SatPy is designed to provide easy access to common operations for processing meteorological remote sensing data. Any details needed to perform these operations are configured internally to SatPy meaning users should not have to worry about how something is done, only ask for what they want. Most of the features provided by SatPy can be configured by keyword arguments (see the API Documentation or other specific section for more details). For more complex customizations or added features SatPy uses a set of configuration files that can be modified by the user. The various components and concepts of SatPy are described below. The Quickstart guide also provides simple example code for the available features of SatPy.
SatPy provides most of its functionality through the
Scene class. The acts as a container for the datasets
being operated on and provides methods for acting on those datasets. It
attempts to reduce the amount of low-level knowledge needed by the user while
still providing a pythonic interface to the functionality underneath.
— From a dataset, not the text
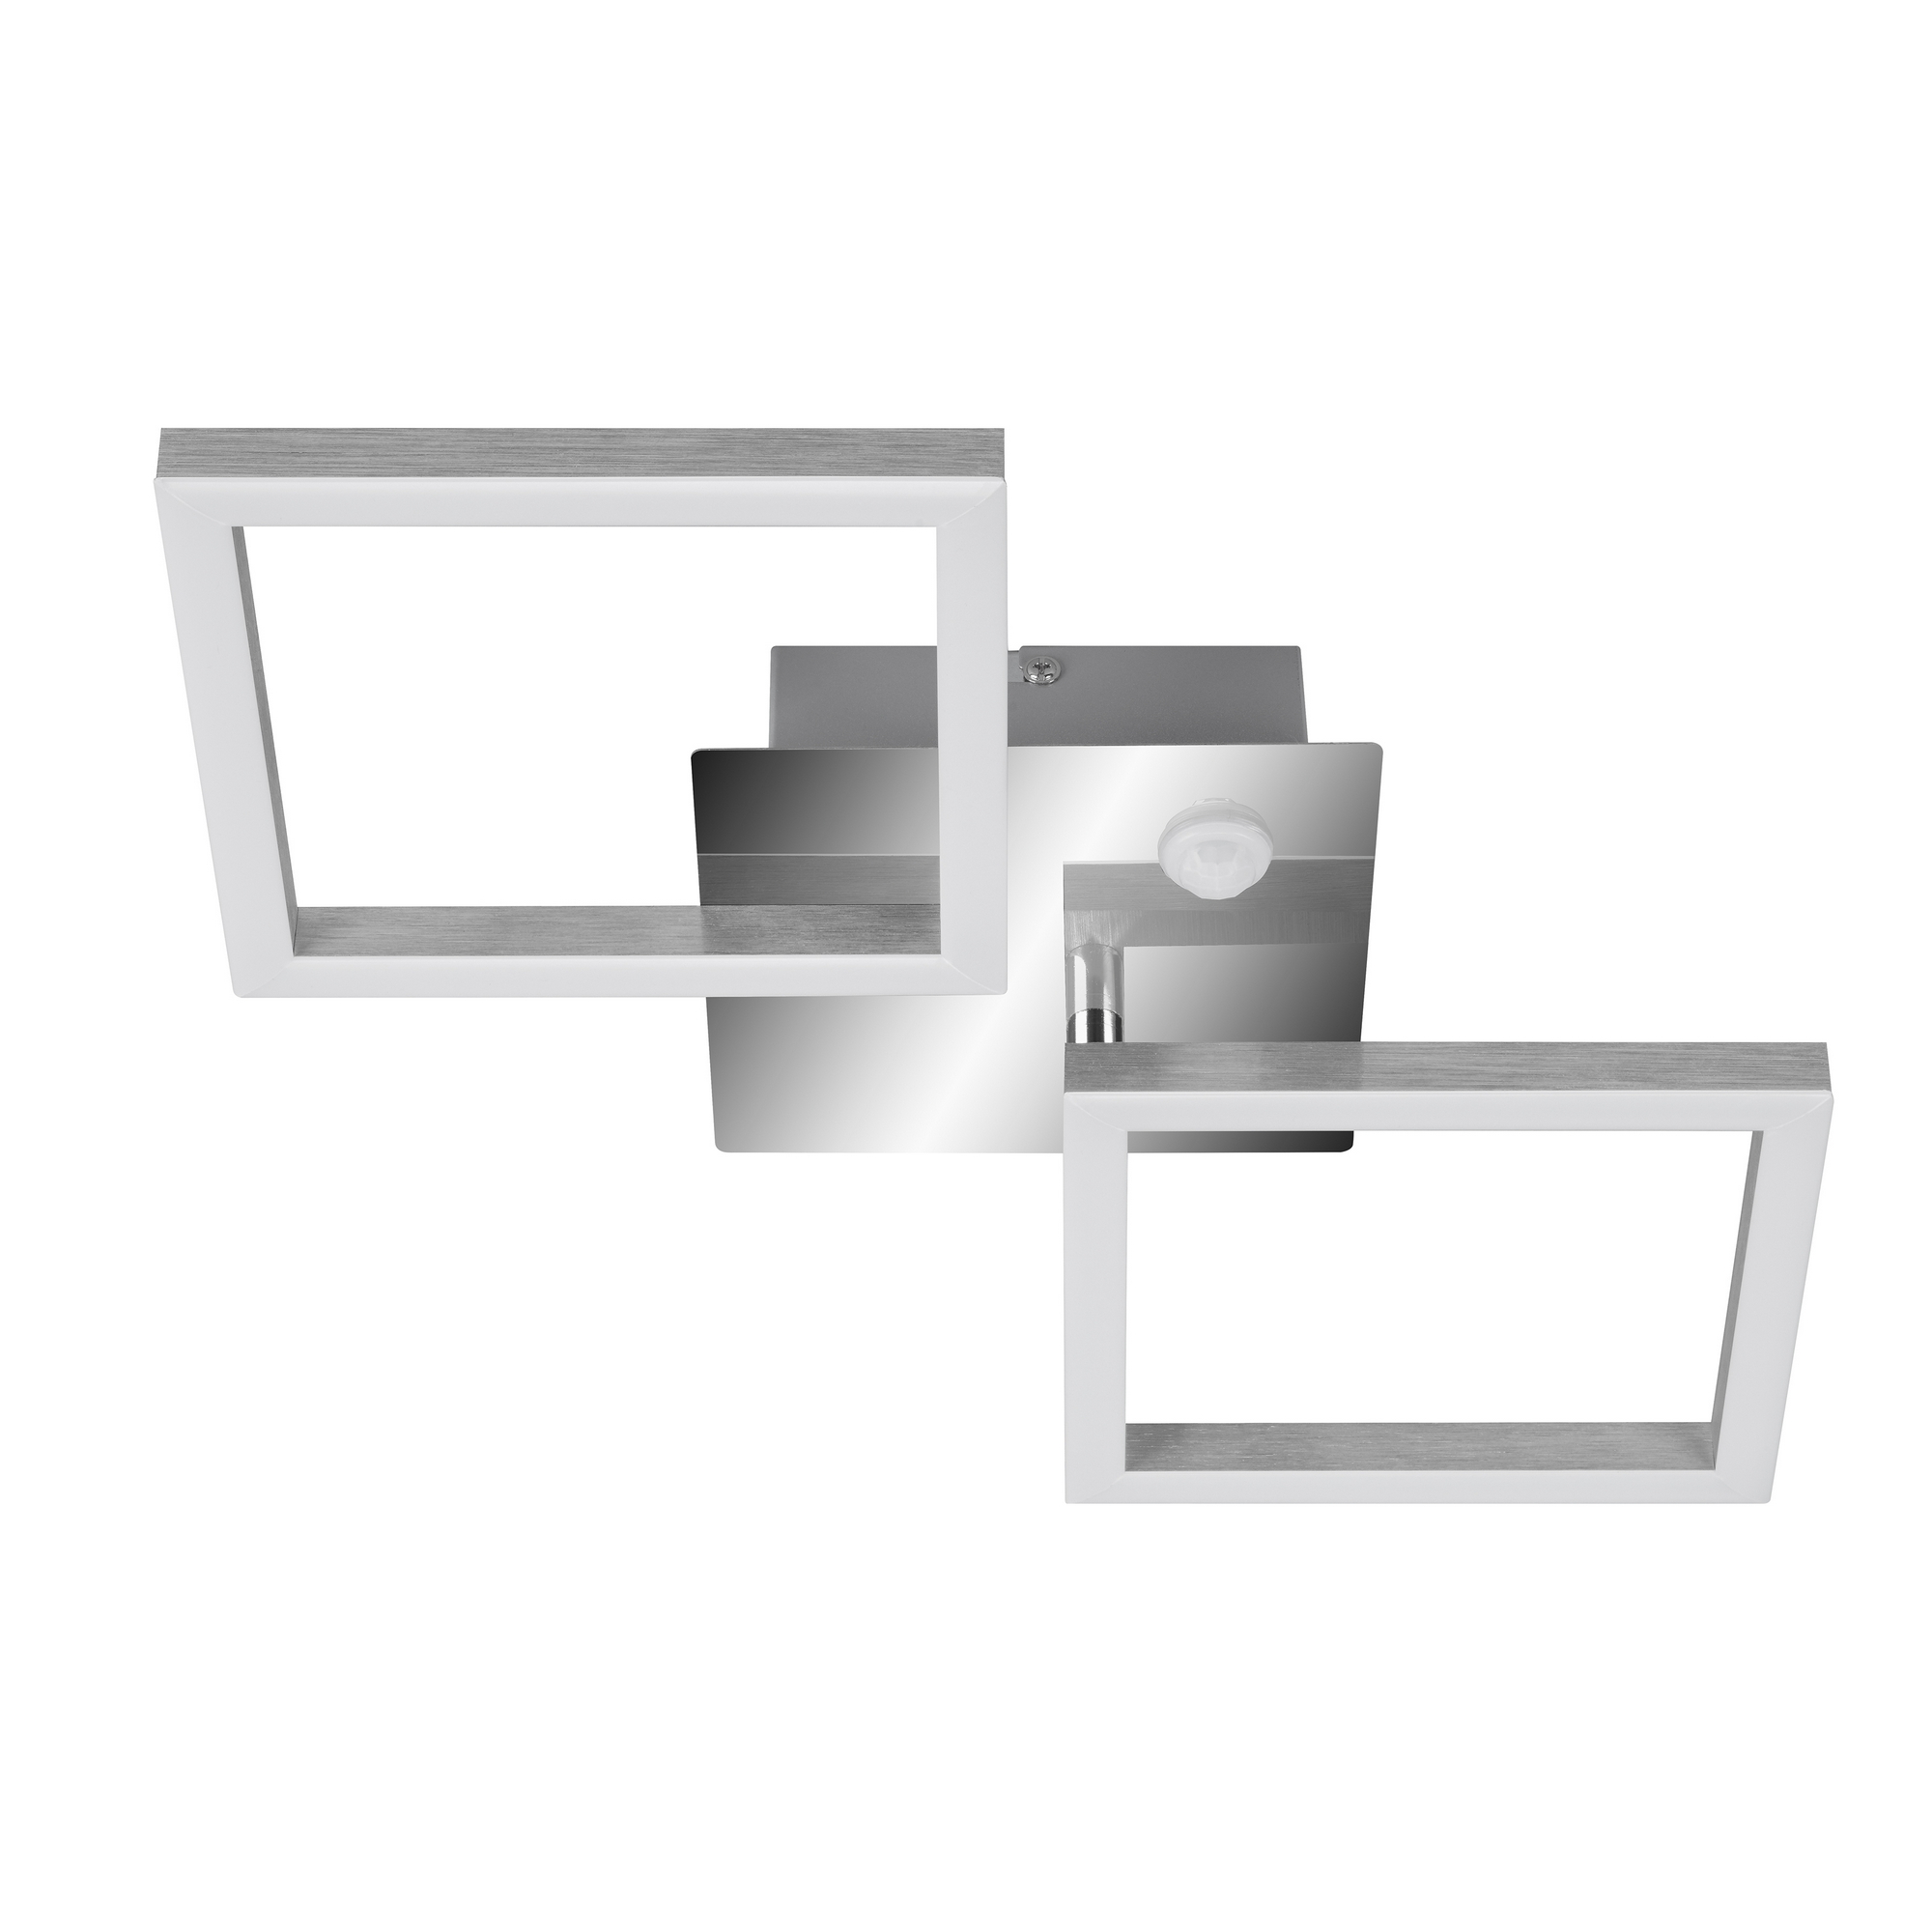 LED-Deckenleuchte 'Frame' chrom/aluminium 47 x 22,6 x 7,4 cm, mit Bewegungsmelder + product picture

A Scene object represents a single geographic region of data, typically at a single continuous time range. It is possible to combine Scenes to form a Scene with multiple regions or multiple time observations, but it is not guaranteed that all functionality works in these situations.
SatPy’s lower-level container for data is the
xarray.DataArray. For historical reasons DataArrays are often
referred to as “Datasets” in SatPy. These objects act similar to normal
numpy arrays, but add additional metadata and attributes for describing the
data. Metadata is stored in a
.attrs dictionary and named dimensions can
be accessed in a
.dims attribute, along with other attributes.
In most use cases these objects can be operated on like normal NumPy arrays
with special care taken to make sure the metadata dictionary contains
expected values. See the XArray documentation for more info on handling
Additionally, SatPy uses a special form of DataArrays where data is stored
dask.array.Array objects which allows SatPy to perform
multi-threaded lazy operations vastly improving the performance of processing.
For help on developing with dask and xarray see
Migrating to xarray and dask or the documentation for the specific
To uniquely identify
DataArray objects SatPy uses DatasetID. A
DatasetID consists of various pieces of available metadata. This usually
includes name and wavelength as identifying metadata, but also includes
resolution, calibration, polarization, and additional modifiers
to further distinguish one dataset from another.
XArray includes other object types called “Datasets”. These are different from the “Datasets” mentioned in SatPy.
One of the biggest advantages of using SatPy is the large number of input file formats that it can read. It encapsulates this functionality in to individual Readers. SatPy Readers handle all of the complexity of reading whatever format they represent. Meteorological Satellite file formats can be extremely complex and formats are rarely reused across satellites or instruments. No matter the format, SatPy’s Reader interface is meant to provide a consistent data loading interface while still providing flexibility to add new complex file formats.
Many users of satellite imagery combine multiple sensor channels to bring out certain features of the data. This includes using one dataset to enhance another, combining 3 or more datasets in to an RGB image, or any other combination of datasets. SatPy comes with a lot of common composite combinations built-in and allows the user to request them like any other dataset. SatPy also makes it possible to create your own custom composites and have SatPy treat them like any other dataset. See Composites for more information.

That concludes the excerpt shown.